Twitter, meet the corporate world.
Twitter has allure, sure; at the same time, nobody has really figured out how to make money on Twitter, (though though not from a lack of trying). It’s just like with Facebook – everyone rushing to the next big thing, without realizing that turning a social media tool into a profit tool is very difficult.

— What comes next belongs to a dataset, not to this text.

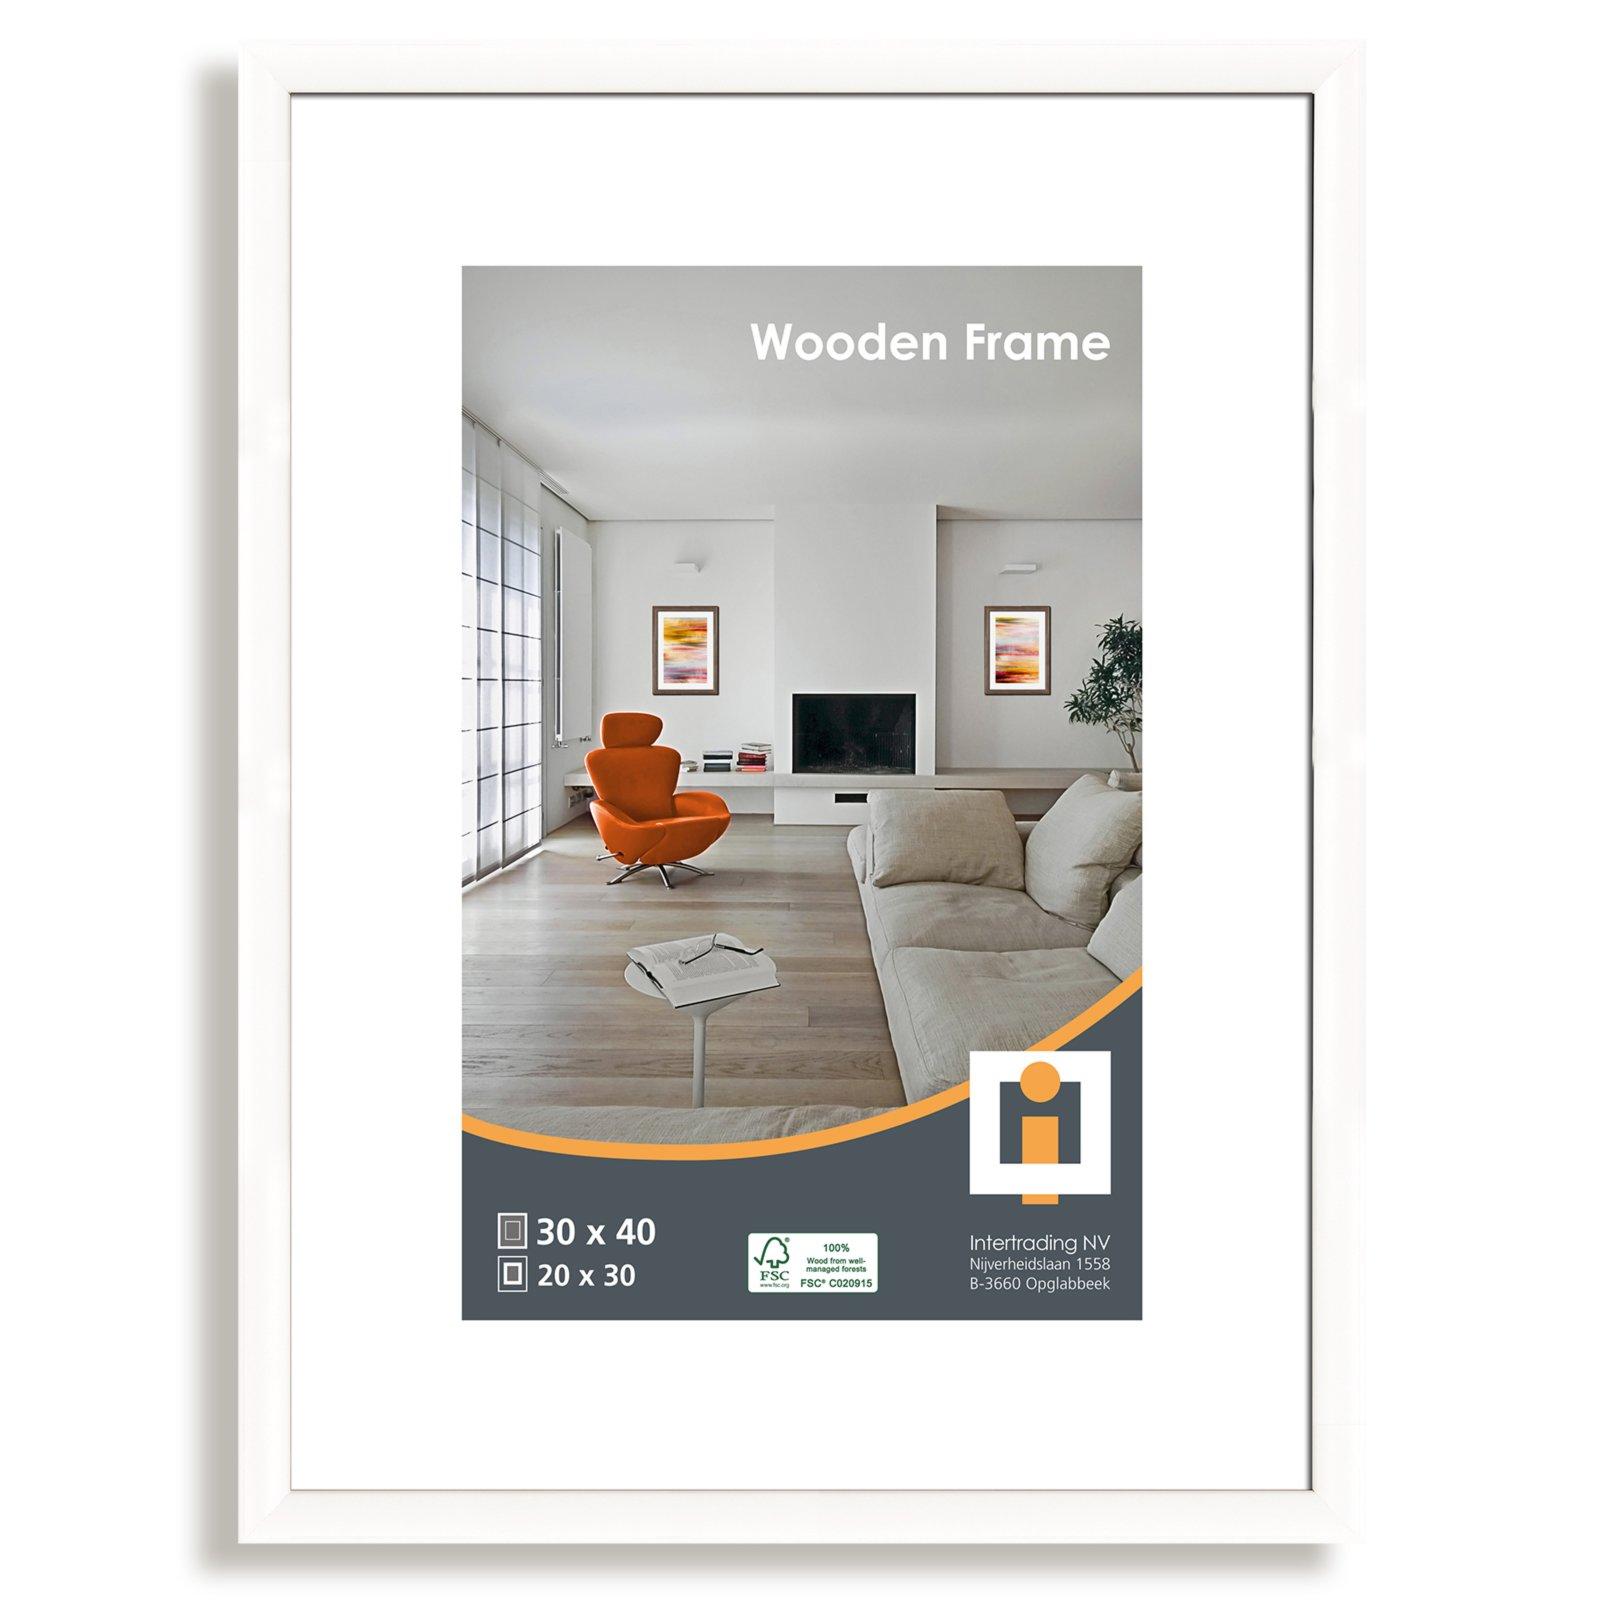 bilderrahmen nizza wei 30x40 cm bilderrahmen dekoration deko haushalt roller. Black Bedroom Furniture Sets. Home Design Ideas

As a profit model, Twitter would worry me. I’ve talked earlier about how Twitter difficult to regulate, and frankly, the direction necessary to make it quote/unquote "profitable" is the same direction that Facebook just took.
Doomed to failure.
Twitter is a global network, like Facebook, and it’s sole purpose is to keep you updated on all your friends, in a way that is as stalker-ish as possible without actually stalking. If it becomes another corporate tool, it loses a lot of its appeal, and, like Facebook, I think that complaints about spamming would start – maybe slowly at first, but definitely starting.
The war between corporate interests and the social community’s has already begun on Twitter, with services like TweetTornado looking as if they’ll destroy the current fun climate on Twitter, (though, a lot of corporate bigwigs already have got Twitter accounts). This makes me wary... should I go sign up for Twitter now, and hop on before the wave gets too big? Or do I just wait it out, and wait for the big companies to ruin it, (like they invariably will, because when they start making a concentrated – read: oversaturated – marketing effort, they’ll keep taking and taking too much of a good thing, and it’ll collapse), and try to discover what the next big thing is?
I think some people were expecting this sort of thing to happen, though – much like when the internet first started and people would register domain names of big companies, Twitter’s got its fair share of squatters, willing to sell companies names back to them at inflated prices. Frankly, it’s a smart strategy, (one I wish I had thought of), but it’s risky, (since the big corporations will litigate, and are perfectly happy to bankrupt their opponent through legal fees).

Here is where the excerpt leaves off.